American president Barack Obama has once again targeted American companies having their operations in India to save taxes back home and called such businesses tax evaders.
"If you are a business here, entirely located in the US, and investing in the US, and hiring workers in the US, you are paying a 35% rate," Obama said in an interview to the business magazine Bloomberg Business Week.
"However,if you are a multinational and you are investing in India, and your workforce is in India, and your plants and equipment are in India, but your headquarters are here, you are taking deductions on all the expenses in India, but you are keeping your profits outside the US; and that just doesn't seem entirely fair," he argued.
"The same is true where you have companies that have 90% of their sales in the US, but are posting 90% of their profits overseas. You get a sense there that the accountants have been busy," Obama said.
Stating that he is all pro-business, the US president said, "our goal here is simply to make sure that there is an even playing field between businesses who are investing in the US, hiring American workers, selling to a lot of customers here as well as overseas. And that is an area where there can be some legitimate debate, but certainly shouldn't be portrayed, somehow, as being anti-business."
Responding to a question, Obama said the US can't be the consumer engine for the entire world while America is racking
up more and more debts. "The relationship between China and
the US is obviously key to that. And I have said publicly, and
I will repeat that China and its currency policies are impeding the rebalancing that's necessary.

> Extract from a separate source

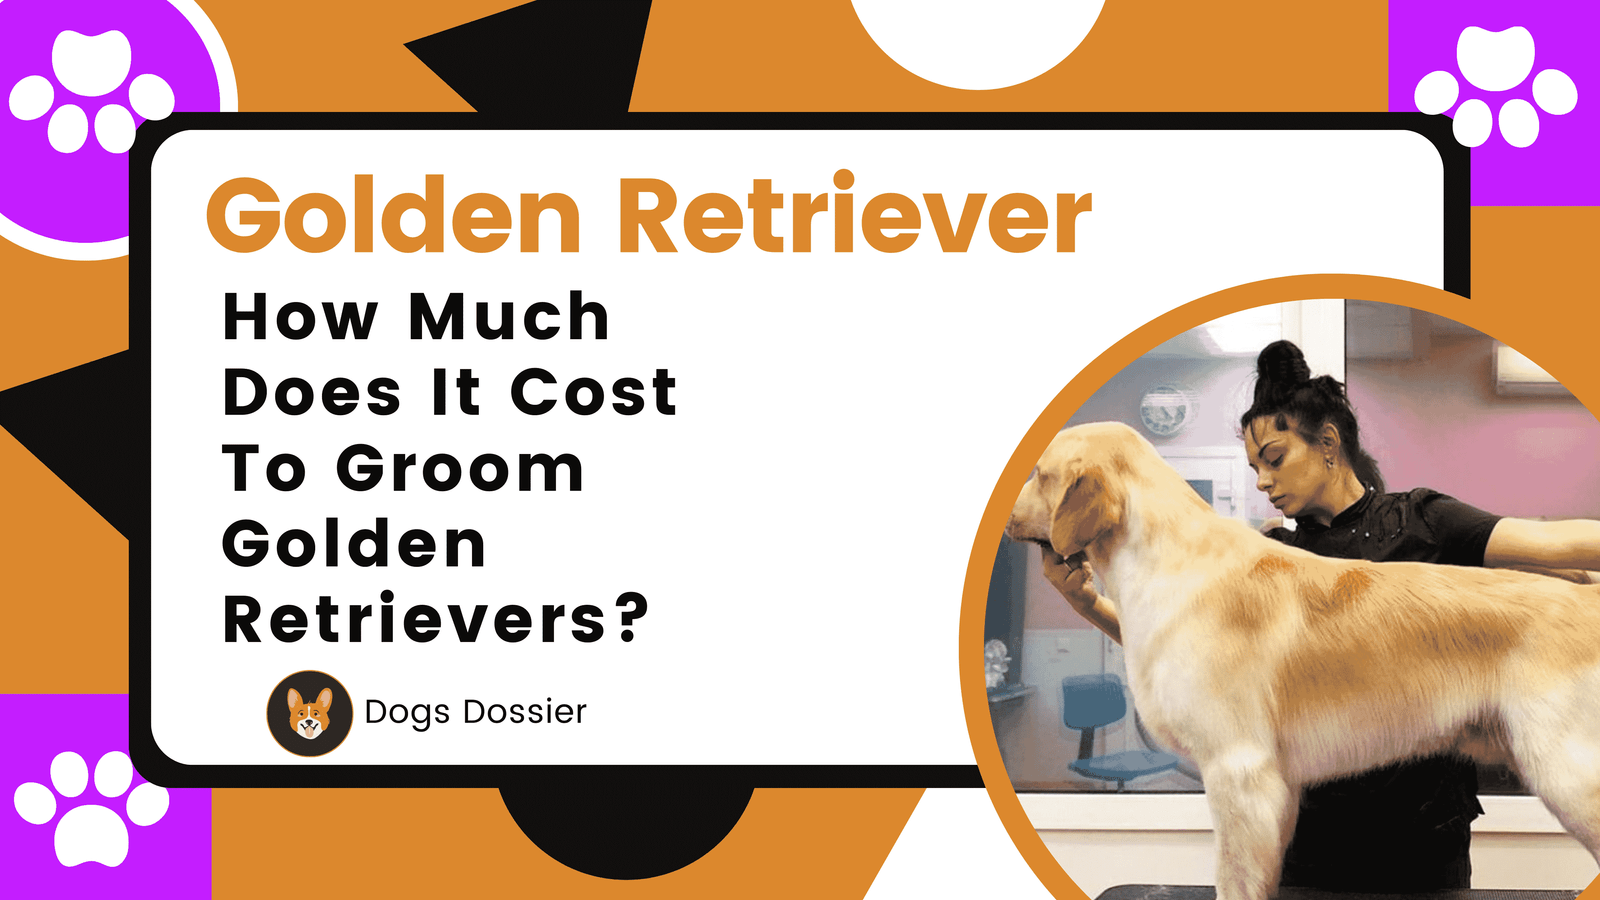 How Much Does it Cost To Groom a Golden Retriever?

"My goal over the course of the next year is for China to recognise that it is also in their interest to allow their currency to appreciate, because, they have got a potentially overheating economy," he said.
"There are a bunch of bubbles that are being created inside China. What you are also seeing is when China maintains a currency peg to the dollar, it is forcing other countries, particularly in Asia, to do the same," he said.
Admitting that currency devaluation goes beyond China, he said "China is the biggest player. And we are going to have some very serious negotiations. And it's going to be bumpy, because China's entire growth model has been based on exports rather than internal consumer demand for a very long time. And they would be less vulnerable to the vicissitudes of trade."